Menlo Park City Council recently reviewed a traffic study conducted for a proposed Stanford development at 500 El Camino Real, with 199,500 square feet of  office space, 170 apartment units, and 10,000 square feet of retail space,  would exceed the city’s trip thresholds. The project will be therefore required to conduct an environmental impact report.

City Council members commented that they want to see the transportation impacts mitigated; approaches mentioned included stronger vehicle trip reduction programs or making the development smaller.  The analysis only took into account 10% reduction in trips taking into account a location on the El Camino corridor, about a half mile from Caltrain. By contrast, a recently approved office project in Sunnyvale, about 1.5 miles shuttle distance from Caltrain, required a 35% trip reduction.  Also, the Menlo Park analysis did not yet take into account reduced vehicle trips if residents or workers walk across the street to the supermarket or the nearby downtown.

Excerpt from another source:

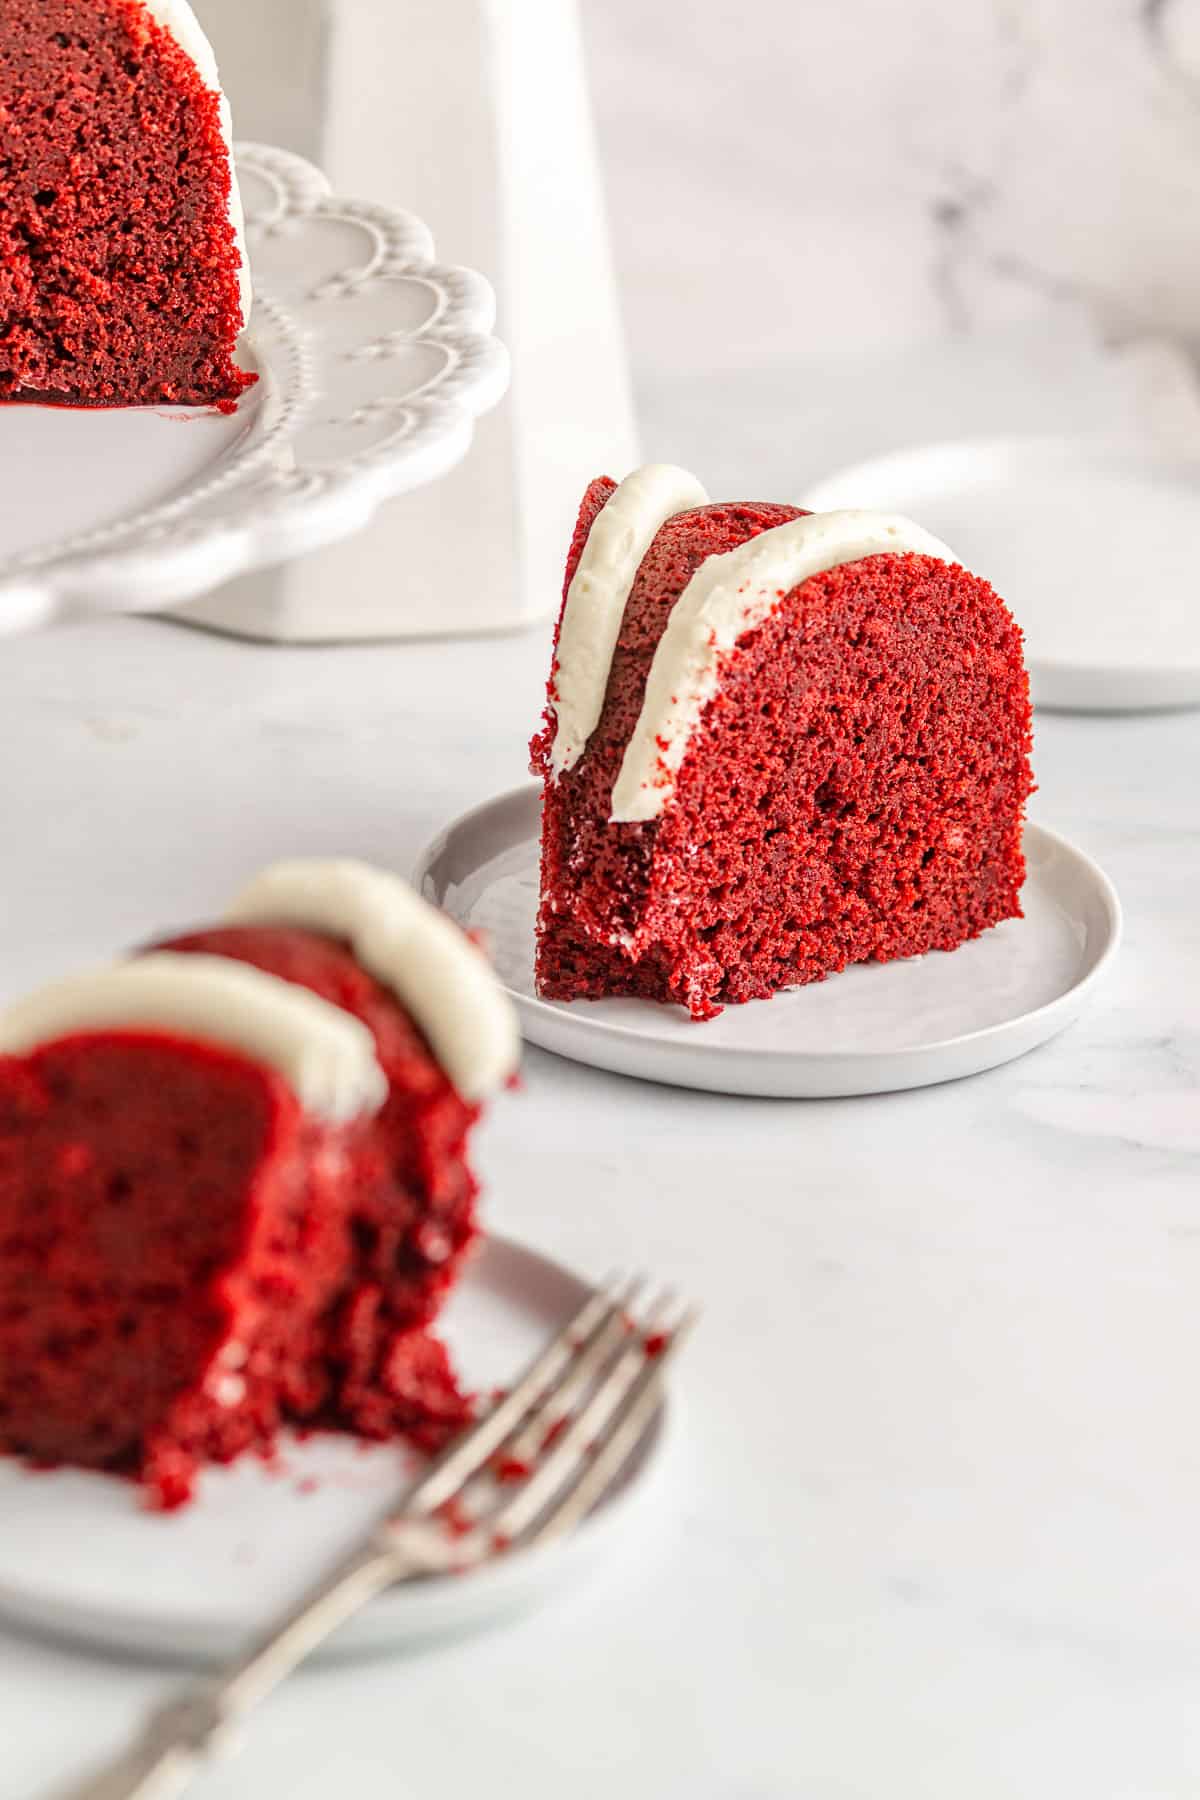 Two slices of red velvet pound cake with cream cheese frosting on white plates.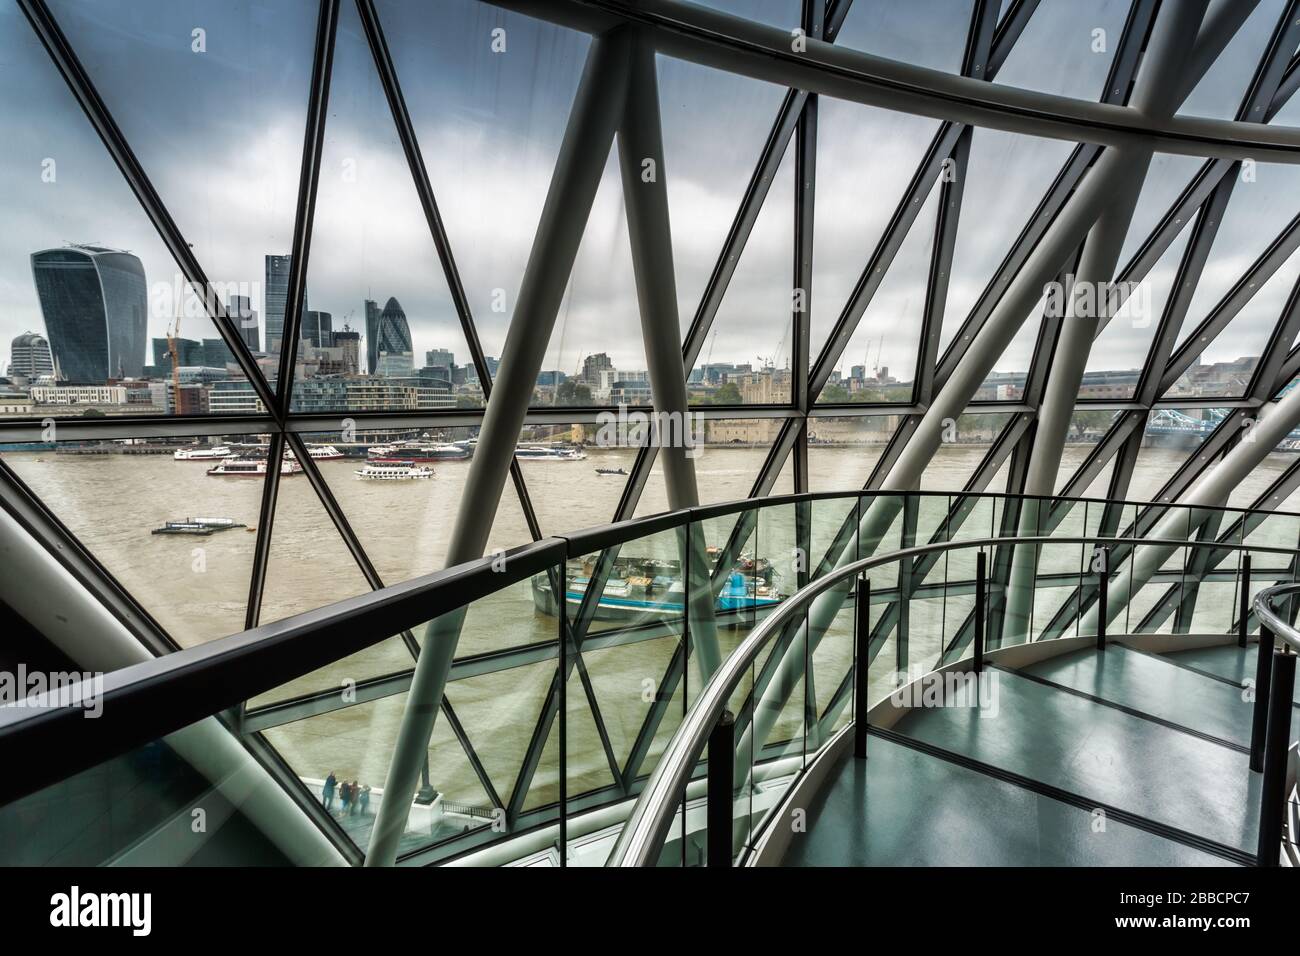 View of the River Thames from the interior staircase at City Hall, Southwark, which is the headquarters of the Greater London Authority, London Stock Photo

However, the City Council guidance for the project to reduce trips would be moot if Measure M passes in November. This ballot measure would maintain the overall limit of of commercial space in the plan area, but would attempt to shift away from general office, to other kinds of office and retail, such as real estate, medical, educational services, product sales, etc.  The amount of general office space in the area near Caltrain, El Camino, and Downtown would be limited to 240,000 square feet, with a maximum of 100,000 square feet per development. If the ballot measure passes, the Stanford development, and another proposed development on El Camino on the North side of the train station, would both need to be redesigned.

Proponents of Measure M contend that it will reduce traffic, although evidence shows that offices near transit are the easiest vehicle trips to reduce, and retail may generate higher traffic.   Click here for material supporting Measure M, and here for material opposing Measure M.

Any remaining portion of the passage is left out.